In the end I had to call Aaron. He's my best friend and an absolute wizard with this computer shit. Fucking amazing. He opens and closes windows before anyone reads them, even him. Seriously, I'd rather watch him work on computers than watch ballerinas swallowing swords on pointe. Last year he bought a Windows Developer kit with ten licenses for Windows XP and Microsoft Office. He still had a few left. So I drove to Plymouth, picked him up, bought him dinner, and paid him the kind of short money you can only pay someone to fix your computer if they're your best friend.
Even with his mad skills, it took him ten hours to downgrade this new Dell to run Windows XP. He had to download and install all the drivers, flash my router, fondle my dongle, and re-install all those applications and games.
Now it runs great. About ten times faster running XP than it ran Windows Vista.
Isn't it weird how, as Windows computers get faster and faster, Microsoft just dumps bigger and bigger operating systems on them to slow them down again?
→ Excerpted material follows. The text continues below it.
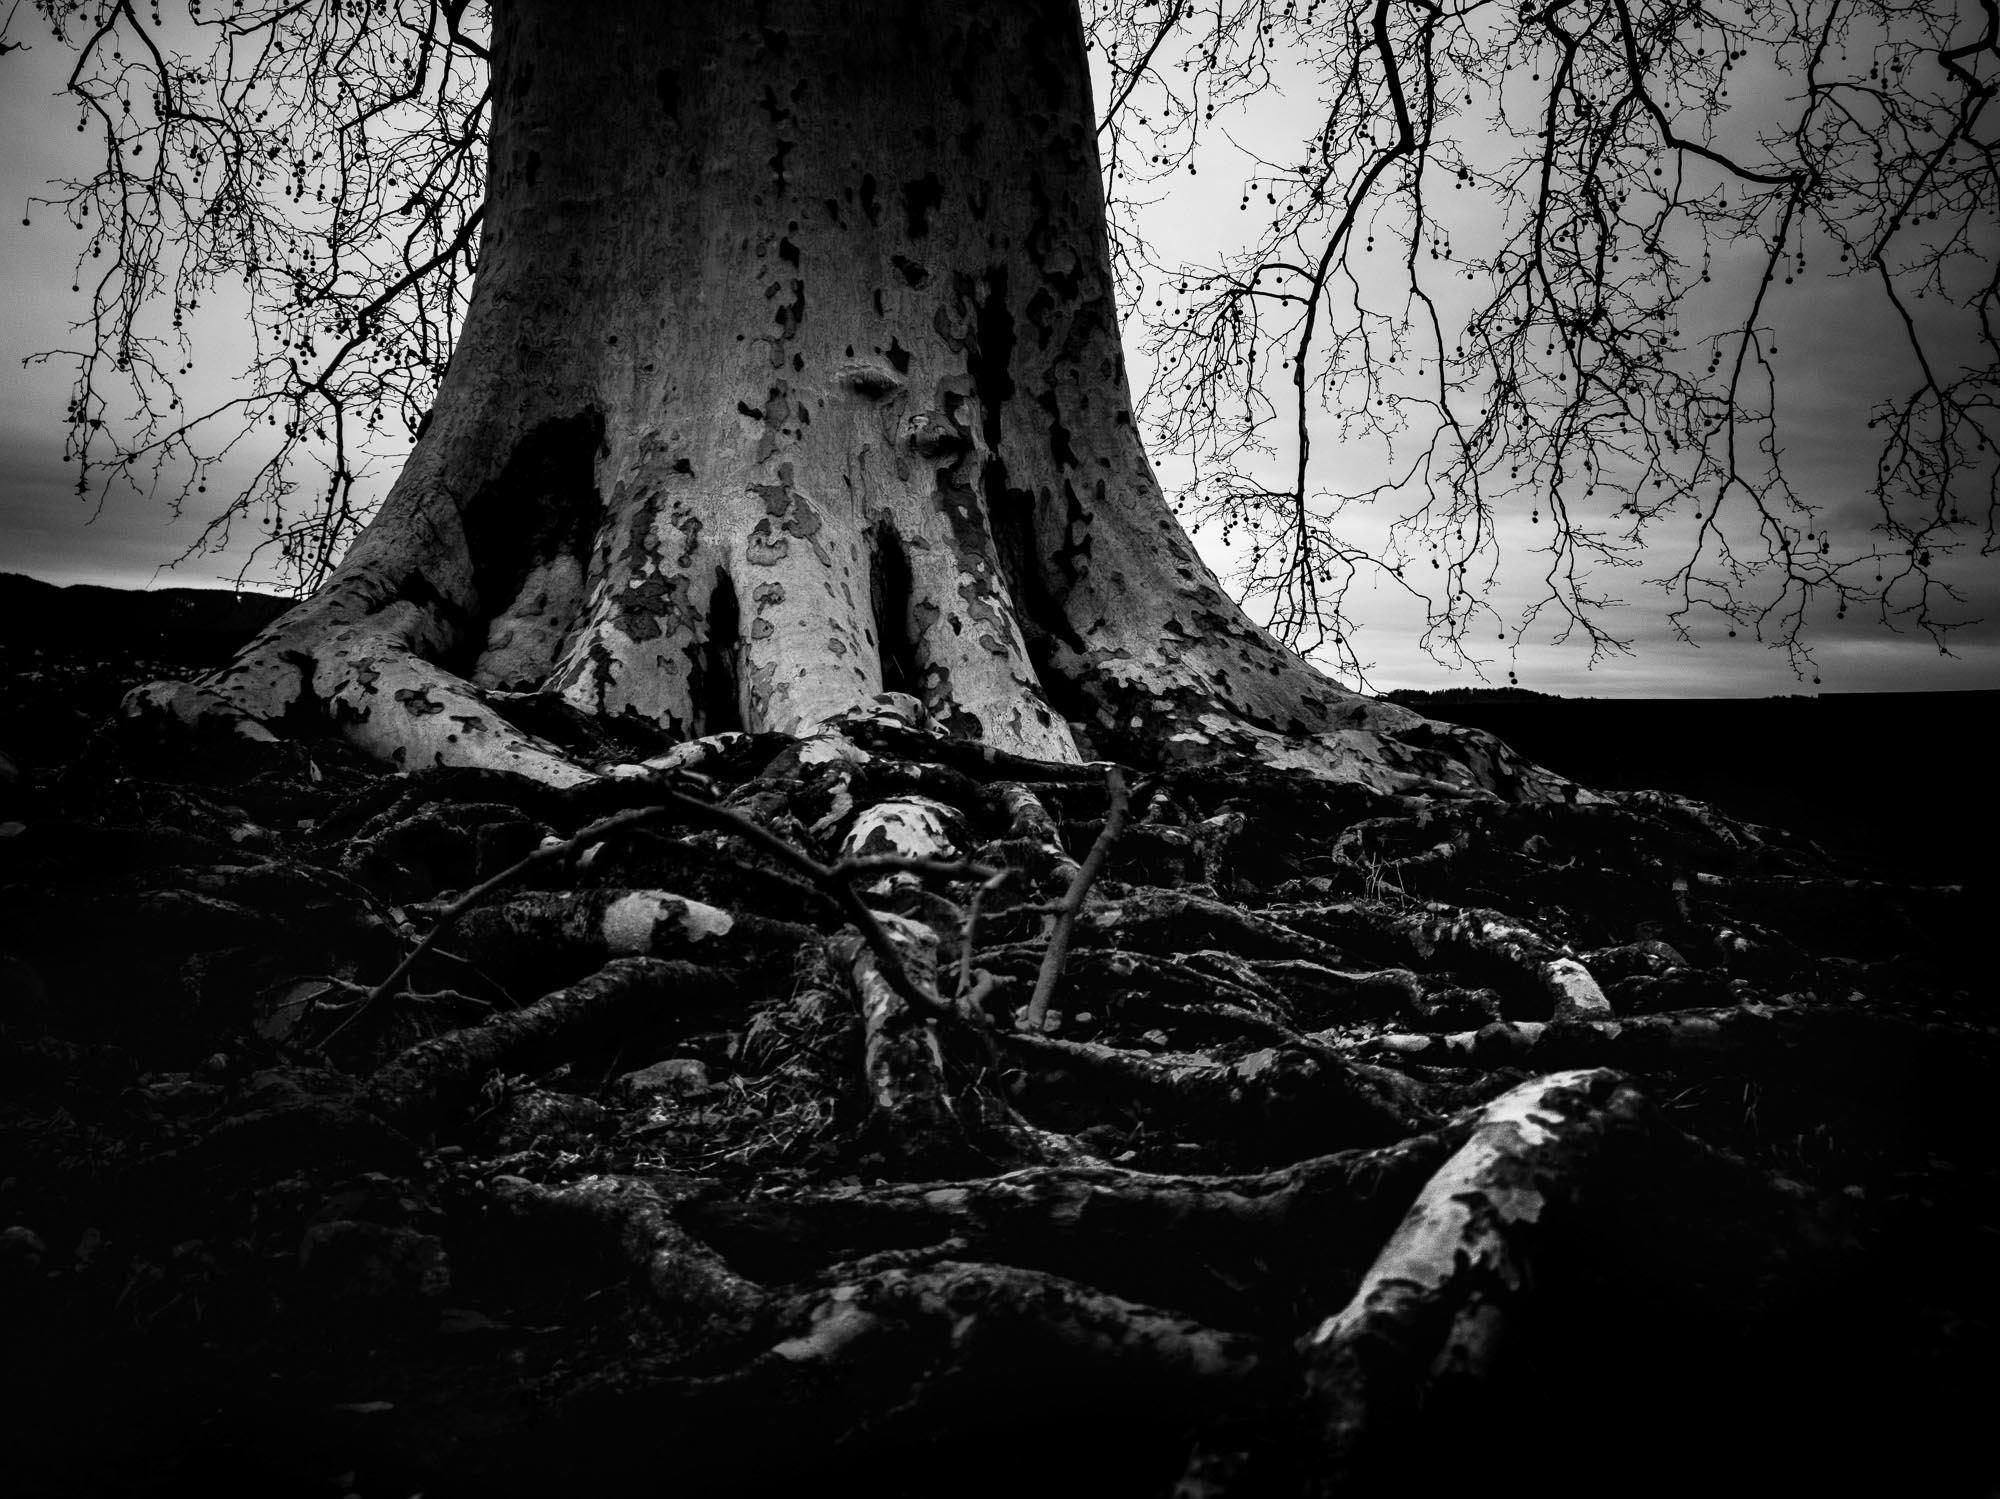 schneehaesli / Roots

It's like they want computer users to be perpetually unhappy!
So the end result: both computers are working great and we're happy with both of them, now. We bought a lot of shiny new technology that should last us for the next six to seven years. The Windows machine is better for gaming and 3D graphics, and we wouldn't have gotten that kind of raw performance from Apple, not at twice the price. But Dell is right out, flat-out, never again, the worst experience ever. PCs work great if your best friend is a magician and you have lots of extra time. And if you don't get the latest operating system. And if you install manually from a basic OS disk and then install your drivers one at a time in your device manager, and if you don't upset or tilt or cajole the registry. That may be a lot to remember, but The Wife has been playing The Sims and World of Warcraft ever since we worked out the kinks, and this leaves me with a lot of time to myself.
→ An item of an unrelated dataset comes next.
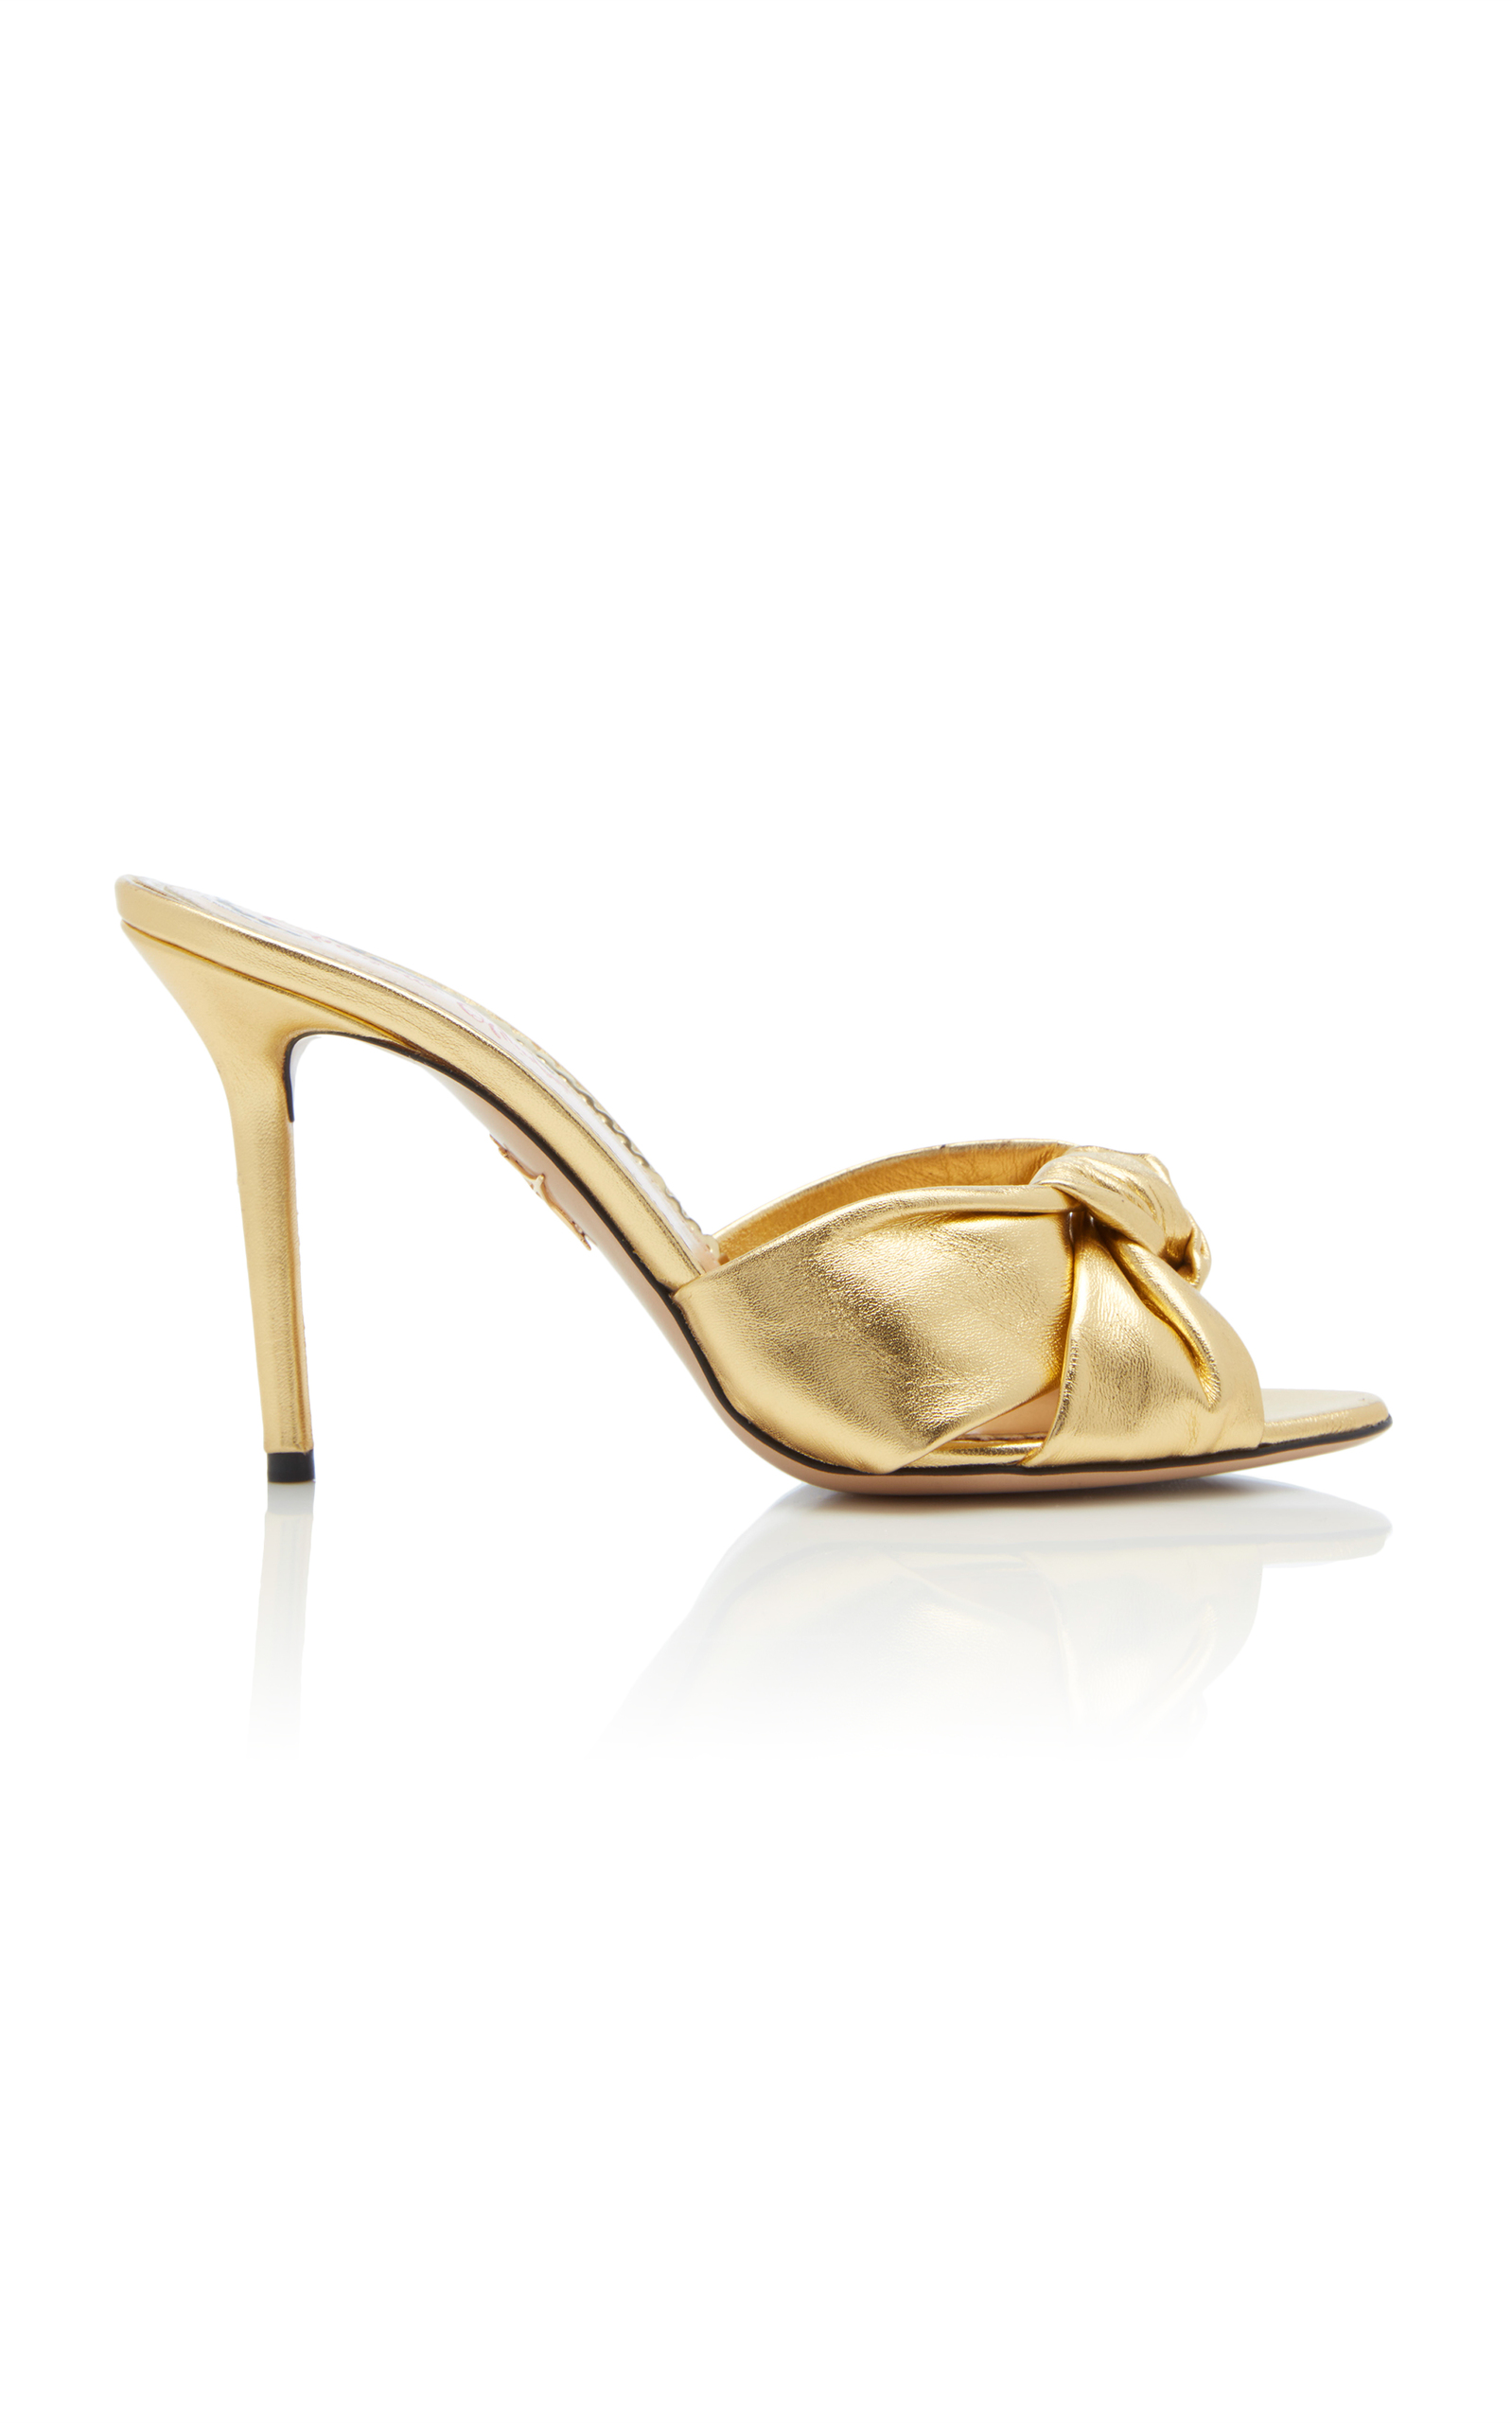 Lola sandals - Metallic Charlotte Olympia O41Cl

Which I spend pounding away on my new Mac, which just works.
You give me some hope that someday I can upgrade to XP. Of course it was just a few years ago I upgraded to 2000. I will never touch Vista... I have an iBook I love too much.
The mac thing, they are totally intuitive, extremely low learning curve. That's why they just work. No geeky friends required. And that should be in the commercials.
Posted by: Rebecca | February 23, 2007 at 06:55 AM
You need this:
http://steampunkworkshop.com/keyboard.shtml
Posted by: Chili | February 23, 2007 at 04:10 PM
probably would have been cheaper if you paid him in heroin!